Babe Herman's antics, hitting kept Ebbets Field lively
Los Angeles — I never saw Floyd Caves (Babe) Herman during his prime as a National League outfielder and outstanding hitter, and most people who read this story probably didn't either.
But the Babe and his zany antics were a legend in the late 1920s and early ' 30s at Ebbets Field in Brooklyn, where he was to have two widely separated tours of duty with the Dodgers. In a Brooklyn uniform, he proved unmistakably that he could hit any pitcher who ever lived.
The 6 ft. 4 in. Herman is a robust 79 now, and when he appeared for an Old-Timers' Game recently at L.A.'s Dodger Stadium, nostalgia sprang a leak, fueled by recollections of Babe's .381 batting average in 1929 and .393 average and 241 hits in 1930.
The amazing part is that both years someone else (Lefty O'Doul with a .398 batting average in '29 and Bill Terry, who hit .401 in 1930) won the National League batting championship.
Still vividly remembered by Herman's contemporaries was the war year of 1945, when Dodger General Manager Branch Rickey, desperate for a pinch-hitter who could produce even once in a while, summoned Babe from his turkey ranch in Glendale, Calif.
Herman, who was 42 years old and retired from the majors seven years, hadn't swung a bat since the previous season, when he had played briefly with the Hollywood Stars in the old Pacific Coast League. But acting as though he had been given a script that called for him to hit safely his first time up, Babe singled high off the rightfield screen in Ebbets Field to drive home a runner.
For anyone who knew the history of this left-handed hitter, the act of heroism against an enemy pitcher was completely under-standable. Years before, Dodger management had erected that screen after several of the Babe's longer drives had broken store windows on Bedford Avenue.

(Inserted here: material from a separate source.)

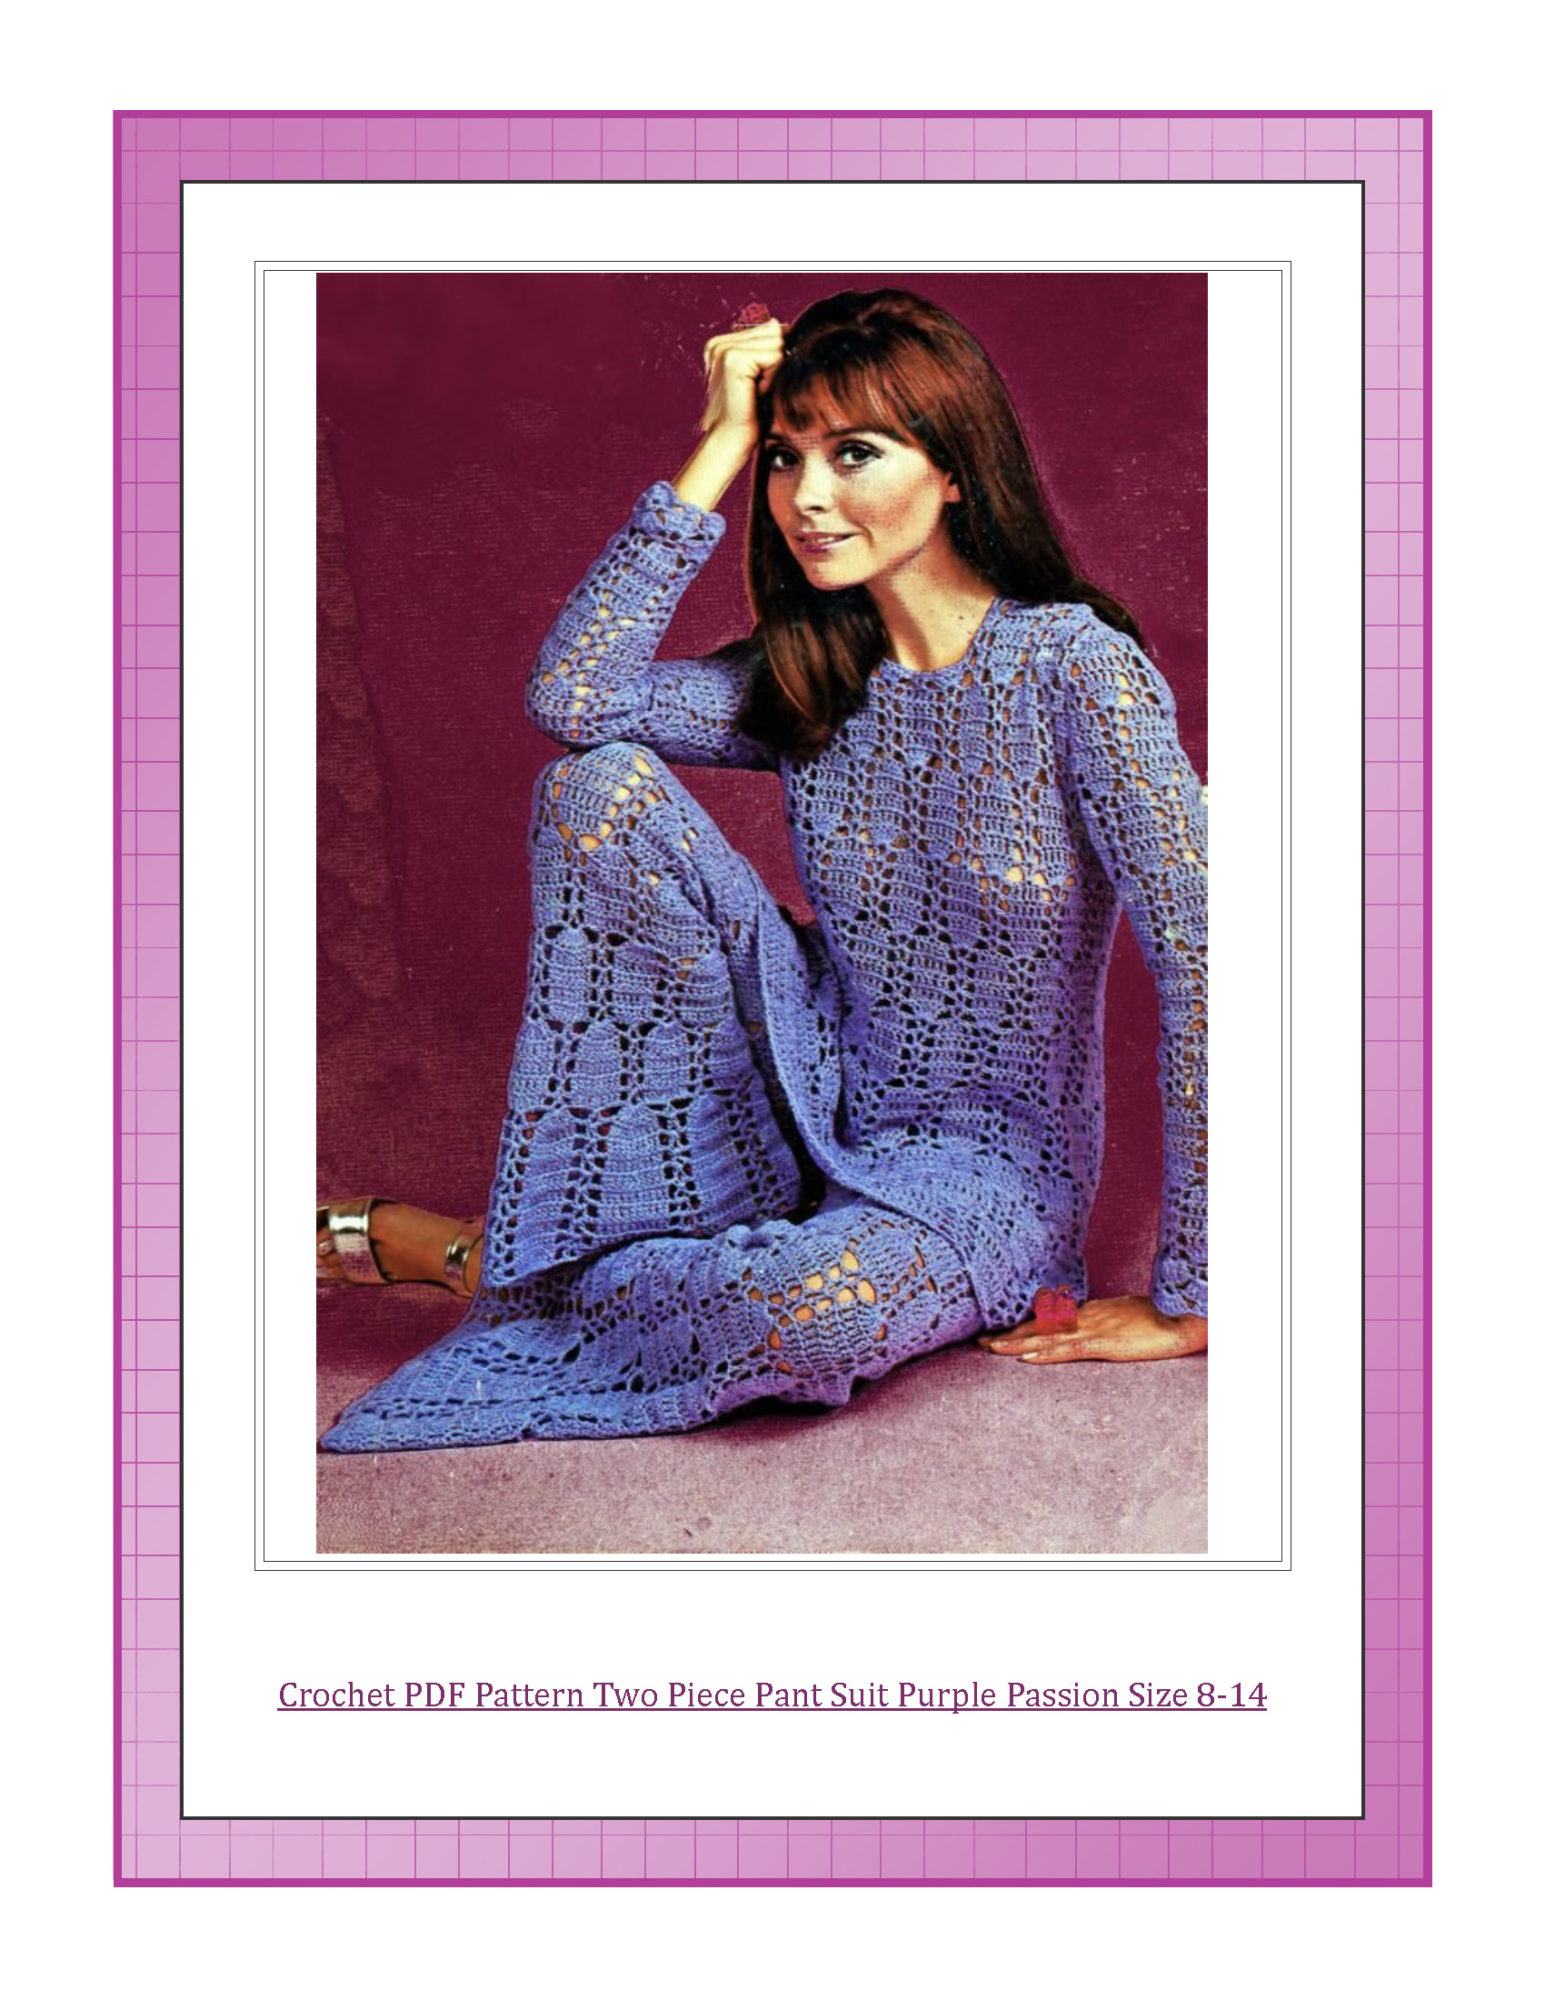 Crochet PDF Pattern Two Piece Pant Suit Purple Passion Size 8-14

Even that kind of destruction might not have moved the Dodgers to summon carpenters if Herman hadn't also put a ball through a glass-enclosed traffic booth on the same street. Fortunately the whistle of the enclosed and thoroughly frightened policeman (and this may be somewhat exaggerated) was too large to go completely down his throat.
Asked how he managed 35 home runs the same year he batted .393, Babe replied:
''I did it with bat control and by never sitting back and taking a third strike. But I could always hit, even when I was just a 17- or 18-year-old kid and playing for Edmonton in the Western Canada League.
''Still I never forgot what Ty Cobb said to me about hitting in 1922, when he was managing Detroit and the Tigers took a look at me in spring training. Cobb told me the surest way to get a hit, and also get out of a slump, was to try to hit the pitcher in the chest with the ball. And, you know, it did kind of get you in a groove.
''Of course, baseball was different then. There were fewer teams and kids didn't come right out of college into the majors the way they do now, or make it up here after only a couple of years in the minors. The trouble with rushing kids is that they don't spend enough years in the minors to learn their trade. Consequently they don't hit the ball that well until they've been around awhile.
''By the time I finished my minor league apprenticeship, I'd seen 'em all -- I mean the fastball pitchers, the breaking-ball pitchers, the junk-ball pitchers , the guys who threw at your head, and the cuties who either roughed up the ball illegally or used a spitter. Once I got to the Dodgers, I never saw a pitch that I hadn't already seen hundreds of times in the minors.''
Despite his hitting prowess, Babe was never known for his fielding, treating each fly ball (according to those who played with him or saw him play) as though it were an adventure in survival. While Herman denies that a he was ever hit on the head by a fly ball, he apparently doesn't count shoulders.
Most stories that had made the rounds about Herman's lack of defense, he says , are either inaccurate or have grown an extra set of wings with the passage of time. Possibly Babe's outfield problems stemmed from the many years he lived within a few blocks of Casey Stengel, who once emerged from a manhole to catch a fly ball!
Perhaps the best remembered story about Herman is the time in Brooklyn when he doubled into a double play. With one out and the bases full of Dodgers, the Babe once again tatooed that screen in right field. Hank DeBerry scored easily from third base. Running in front of Herman were Chick Fewster, who had been on first base, and Dazzy Vance.
After sliding safely into second base, Babe suddenly decided he could also make third and took off in that direction.
A problem developed however when Fewster saw Vance slow up after rounding third base. Chick understandably hesitated while Herman, running with his head down and buried in the sands of trying to get from one place to another, passed Fewster on the basepath.
This made the Babe automatically out, although he continued to third unaware of what he had done. A moment later Herman was joined at the bag by the returning Vance and Fewster.
At this point it suddenly occurred to Fewster that it was time to retreat to second base, but he made the mistake of trying to go back through centerfield and was called out by the umpires.
And that is perhaps the chief reason why Ebbets Field has gone into the pages of time with the reputation that anything can happen in Brooklyn -- with a little help from Mr. Herman of course!